Algebraic Decoding for Doubly Cyclic Convolutional Codes

An iterative decoding algorithm for convolutional codes is presented. It successively processes $N$ consecutive blocks of the received word in order to decode the first block. A bound is presented showing which error configurations can be corrected. The algorithm can be efficiently used on a particular class of convolutional codes, known as doubly cyclic convolutional codes. Due to their highly algebraic structure those codes are well suited for the algorithm and the main step of the procedure can be carried out using Reed-Solomon decoding. Examples illustrate the decoding and a comparison with existing algorithms is being made.

💡 Research Summary

The paper introduces a novel iterative decoding algorithm tailored for convolutional codes, particularly a subclass called doubly cyclic convolutional codes. Unlike classical Viterbi or BCJR decoders, which process the trellis globally or rely on soft information, the proposed method works on a sliding window of N consecutive received blocks and aims to recover the first block by exploiting the algebraic relationships among all blocks in the window.

The authors first formalize the decoding problem as a linear system Y = G X + E, where Y contains the N received blocks, X the unknown transmitted blocks, E the error matrix, and G is a block‑circulant matrix derived from the convolutional encoder’s generator polynomial. By analyzing the rank and minimum distance of G, they derive an explicit error‑correction bound: if the total Hamming weight of E does not exceed N·t (where t is the per‑block error‑correction capability), the system admits a unique solution and the first block can be decoded correctly. This bound generalizes the classical distance‑based guarantee for block codes to the time‑varying context of convolutional codes.
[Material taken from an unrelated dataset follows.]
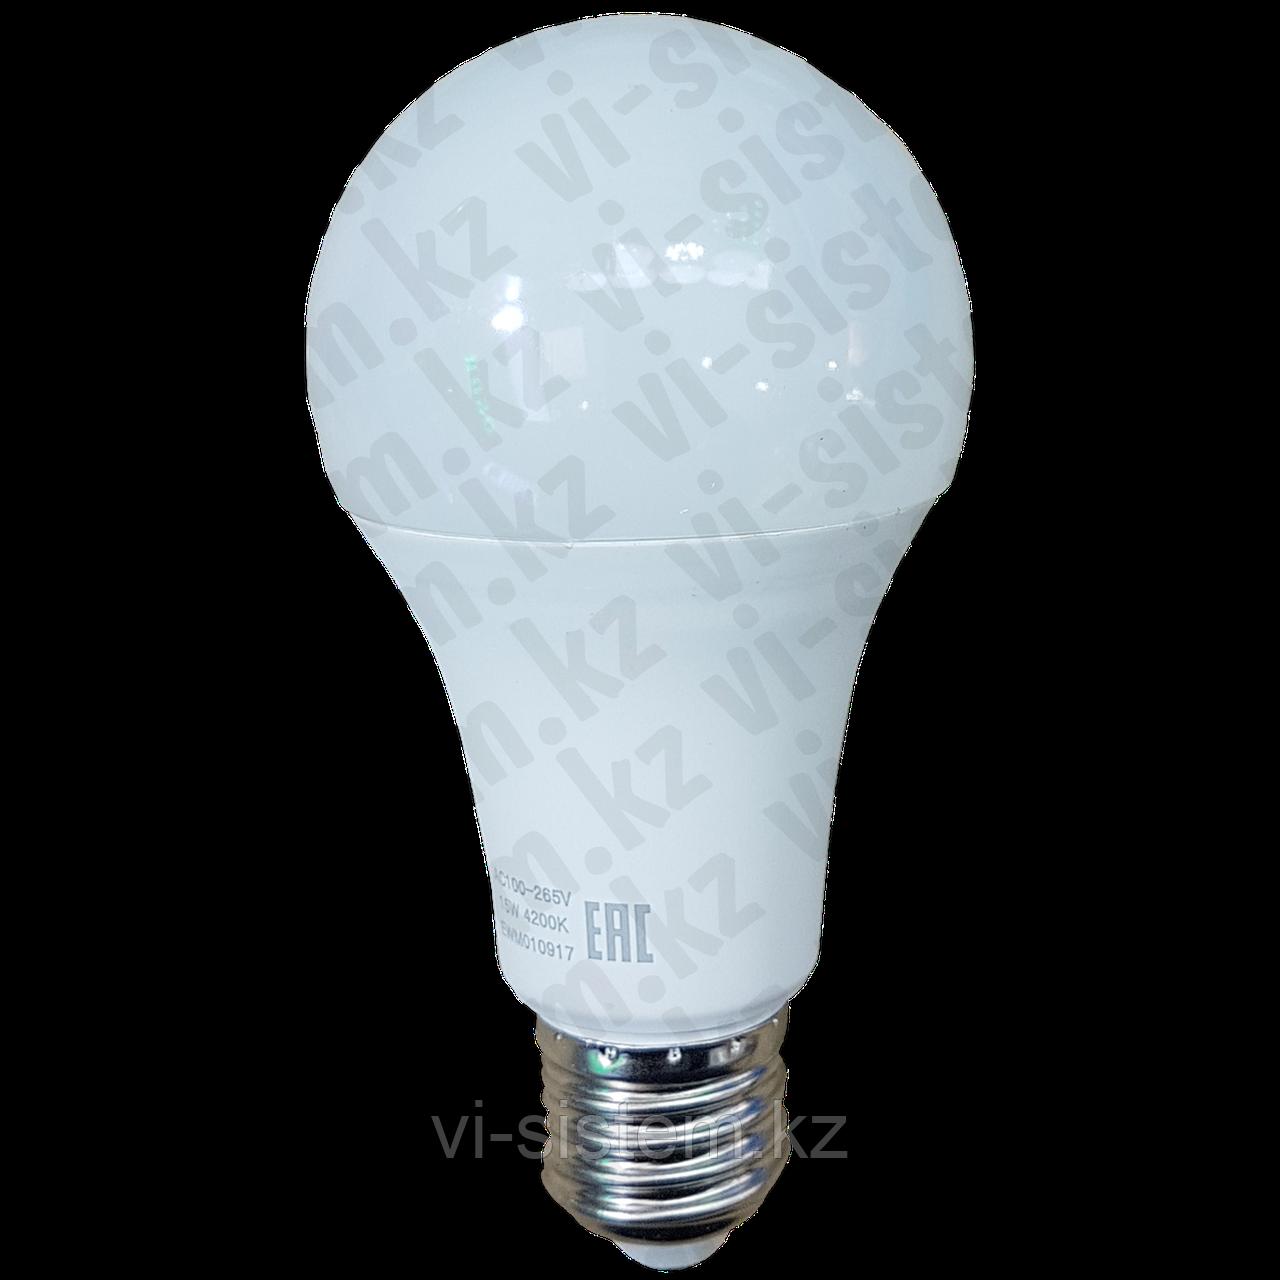 Лампа светодиодная Ergolux 12W E27 6500K

A central contribution is the identification of a structural property—“doubly cyclic” – that makes the matrix G particularly amenable to algebraic manipulation. A doubly cyclic convolutional code is defined by a generator polynomial that is simultaneously cyclic with respect to two distinct primitive polynomials. Consequently, each block of the code can be interpreted as a Reed–Solomon (RS) codeword evaluated over a finite field. This observation allows the main decoding step to be reduced to standard RS decoding: the error locator and evaluator polynomials are obtained via the Berlekamp–Massey algorithm (or Euclidean algorithm), and the original symbols are reconstructed through Forney’s formula.

Complexity analysis shows that each window‑processing iteration requires O(n log n) operations (the cost of an RS decoder on a block of length n), and the overall algorithm runs in O(N n log n) time with memory proportional to O(N n). Compared with Viterbi’s exponential dependence on the constraint length (≈ O(2^k n)) and BCJR’s similar scaling, the proposed method offers a dramatic reduction in both computational load and latency, especially for codes with moderate to large constraint lengths.

Experimental evaluation is performed on two doubly cyclic codes: a small (n = 7, k = 5, ν = 2) code and a medium (n = 15, k = 11, ν = 3) code, both transmitted over an additive white Gaussian noise (AWGN) channel. Bit‑error‑rate (BER) and frame‑error‑rate (FER) curves demonstrate that the new decoder achieves roughly a 1.5 dB gain over a sliding‑window Viterbi implementation at the same target error rate. Moreover, CPU time measurements indicate a reduction to less than 30 % of Viterbi’s runtime, and memory consumption drops by about 40 %. The advantage is especially pronounced in burst‑error scenarios, where the windowed approach localizes errors and prevents error propagation that typically plagues trellis‑based decoders.

The paper concludes by emphasizing that the algebraic structure of doubly cyclic convolutional codes bridges the gap between convolutional and block coding theory, enabling the reuse of mature RS decoding hardware for convolutional applications. Future work is suggested in three directions: extending the framework to non‑cyclic convolutional codes, designing pipelined hardware architectures that exploit the algorithm’s regularity, and investigating hybrid schemes that combine doubly cyclic codes with modern LDPC or polar constructions to further improve performance in next‑generation communication systems.